Data for review:
Segment Open

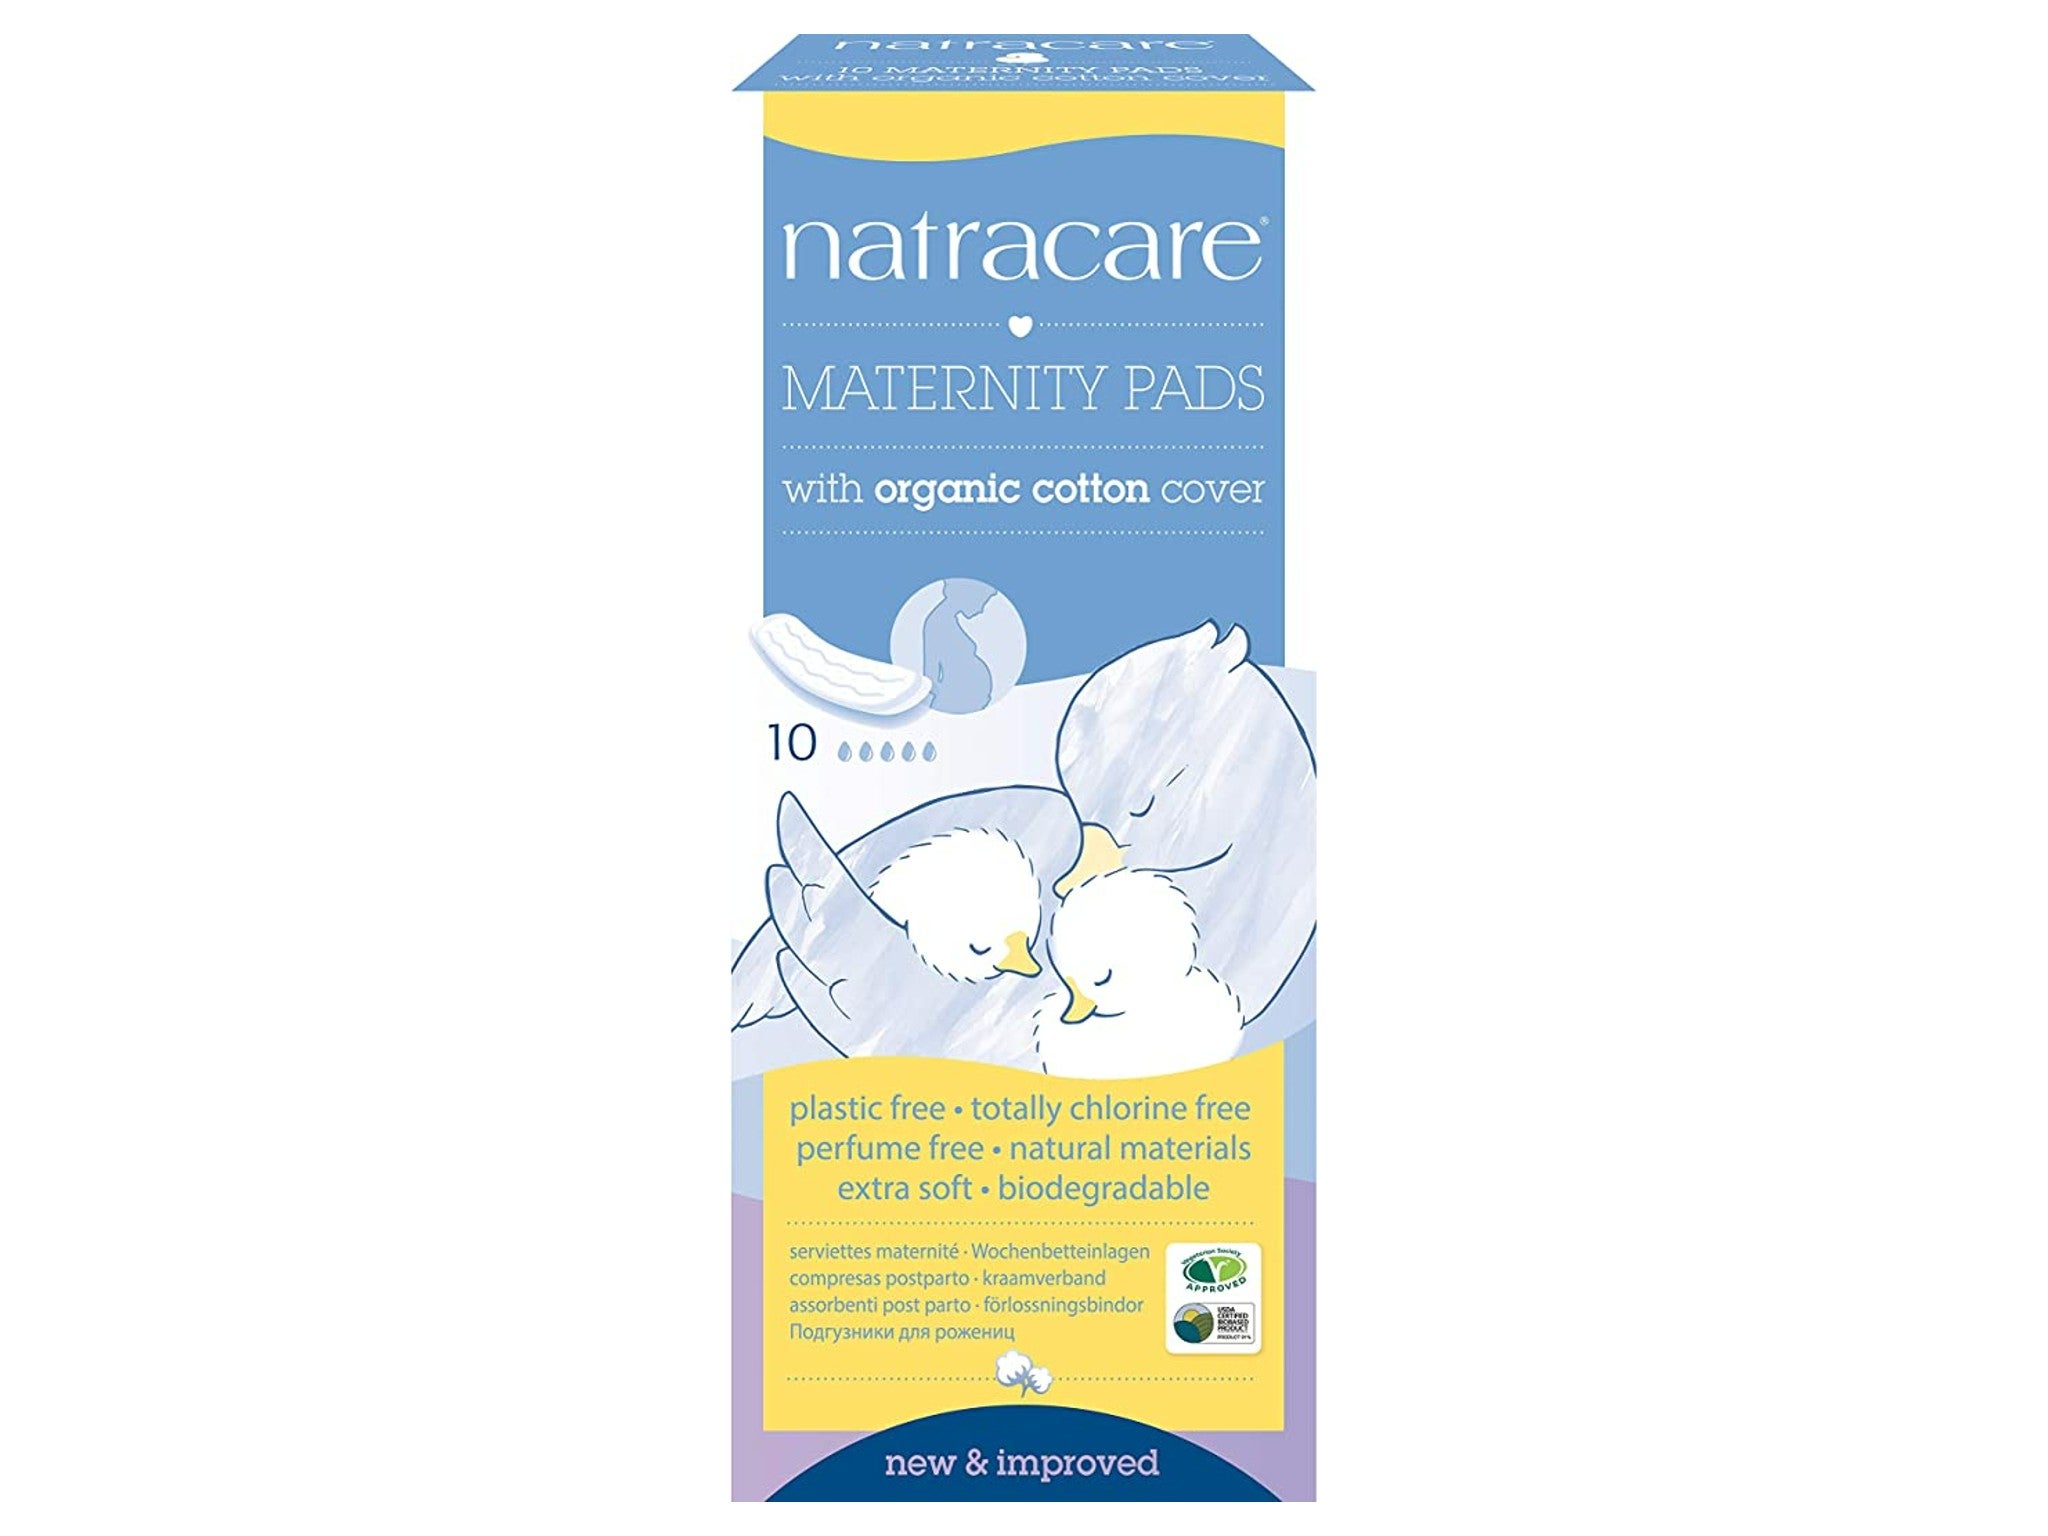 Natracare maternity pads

Segment Closed
Segment Open

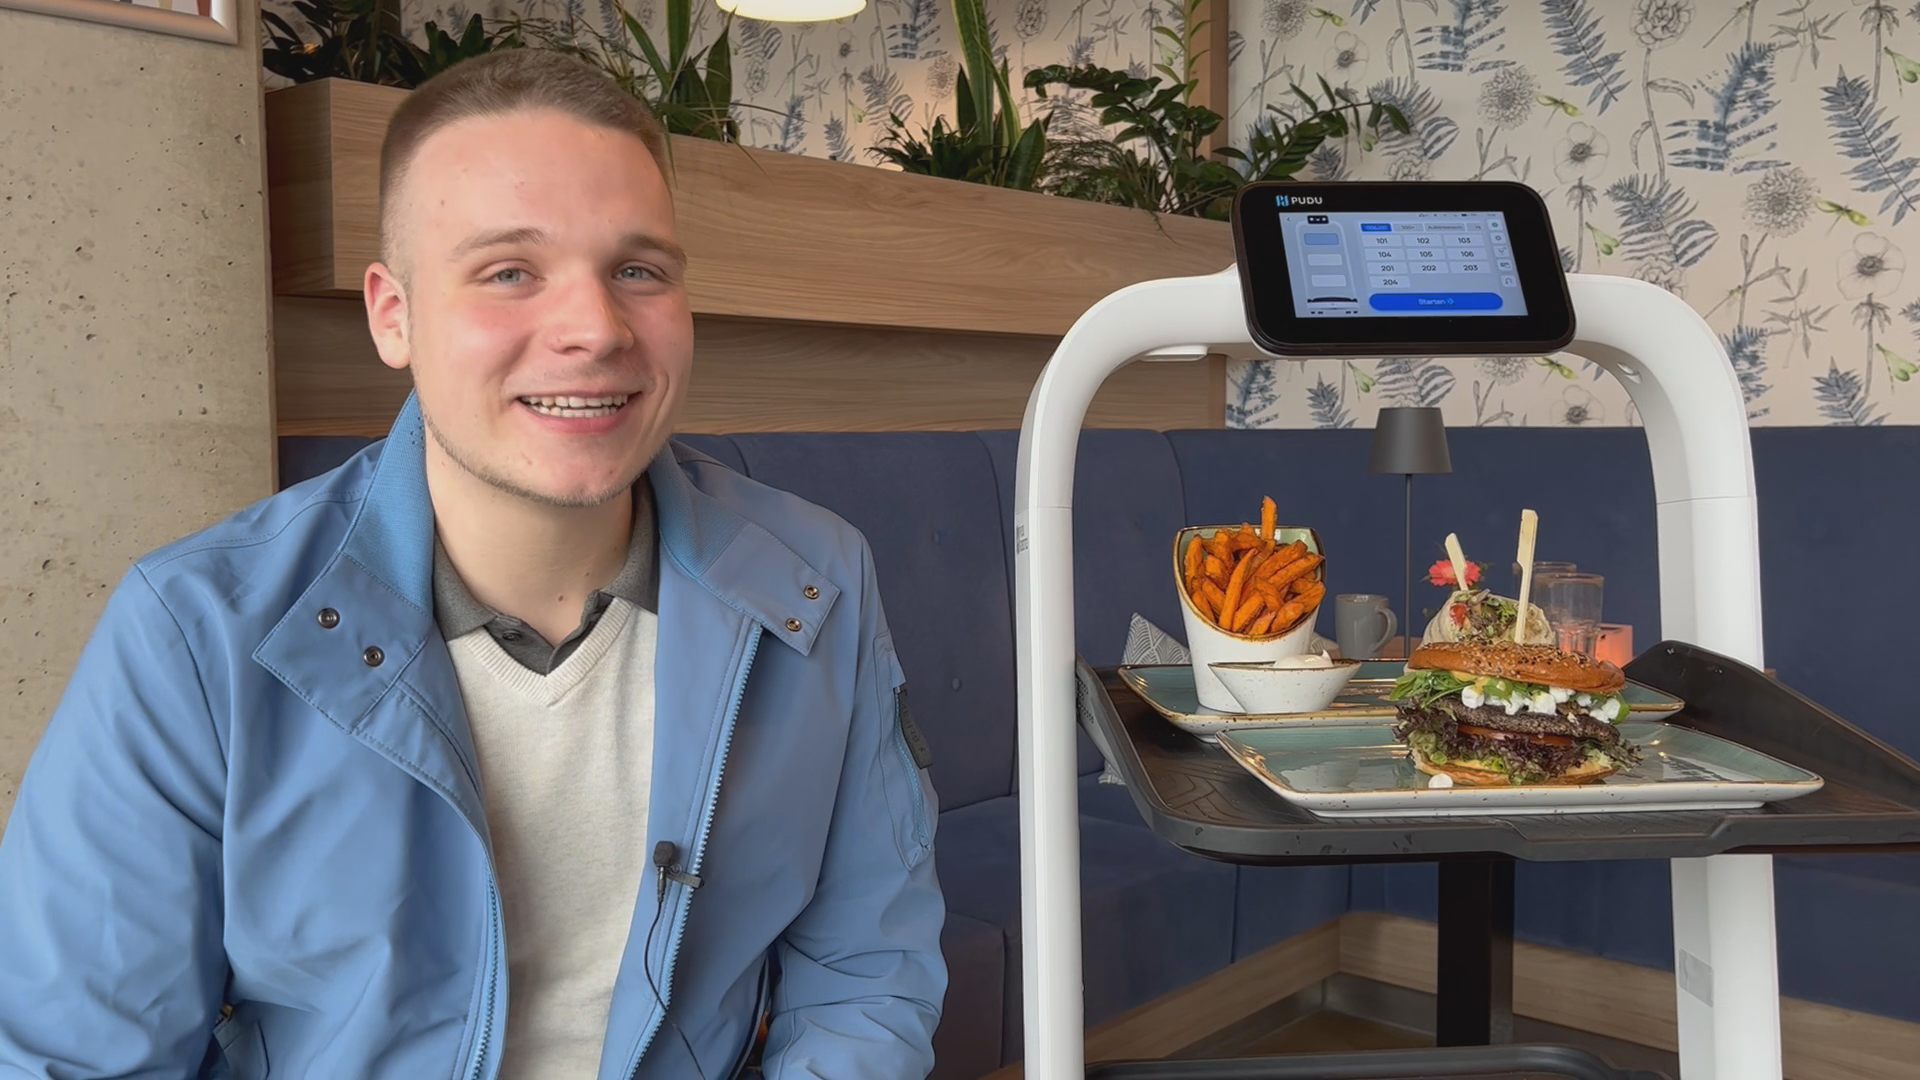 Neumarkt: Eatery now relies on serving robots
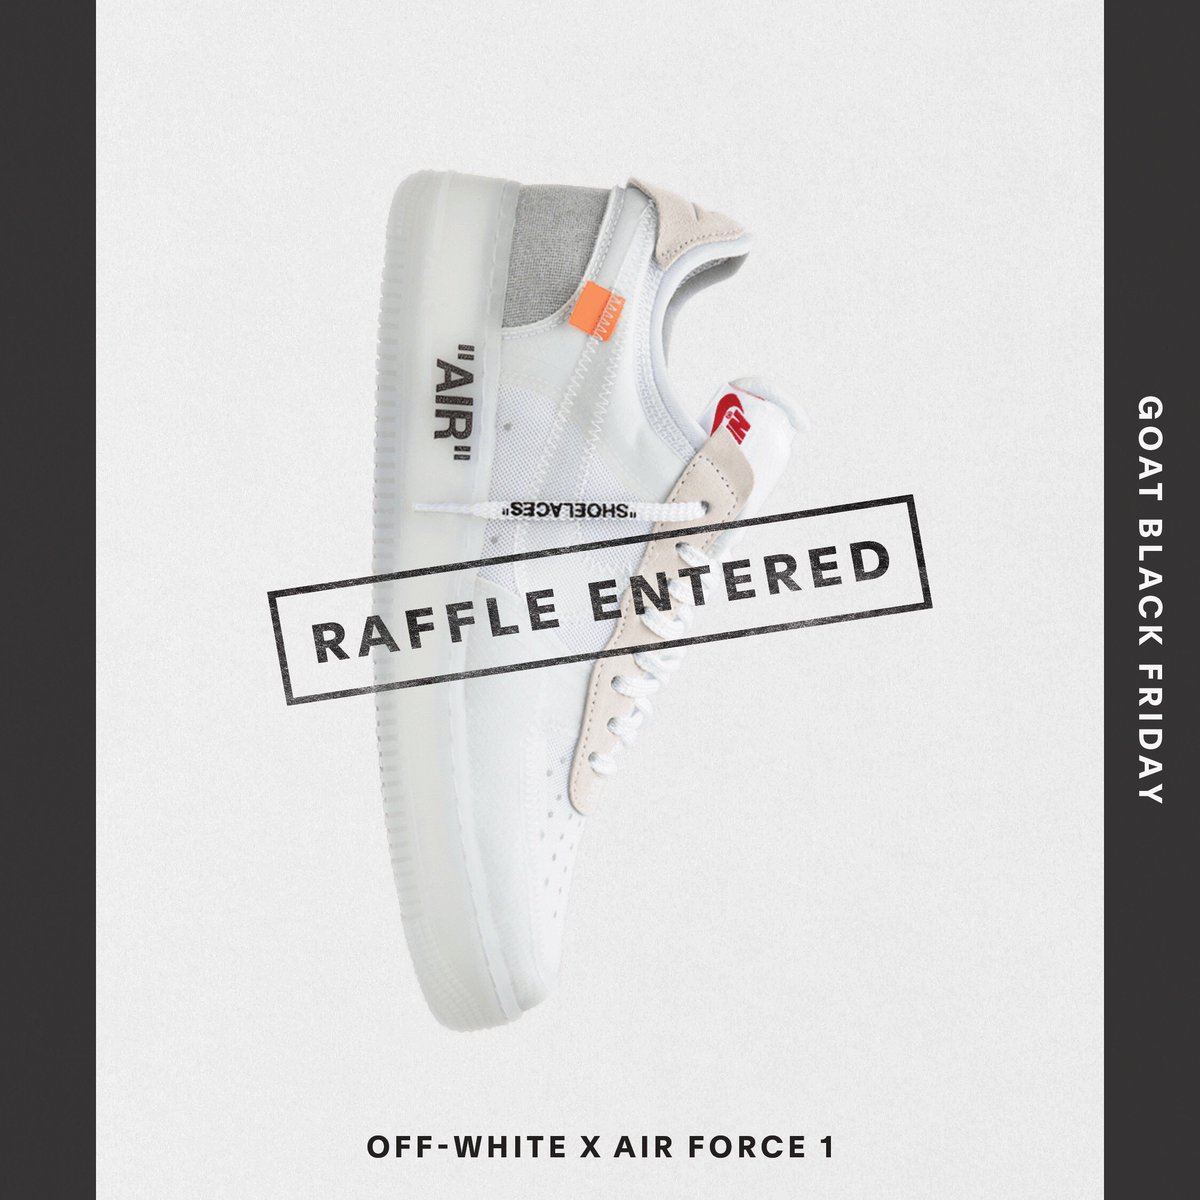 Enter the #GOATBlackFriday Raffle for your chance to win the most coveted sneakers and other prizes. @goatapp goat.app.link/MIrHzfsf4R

Segment Closed

Work item: Copy the entries above exactly, but only the stretch from the line containing "Neumarkt: Eatery now" through the line containing "Enter the #GOATBlackFriday". Keep both end lines; drop the pictures.

Task result:
 Neumarkt: Eatery now relies on serving robots
 Enter the #GOATBlackFriday Raffle for your chance to win the most coveted sneakers and other prizes. @goatapp goat.app.link/MIrHzfsf4R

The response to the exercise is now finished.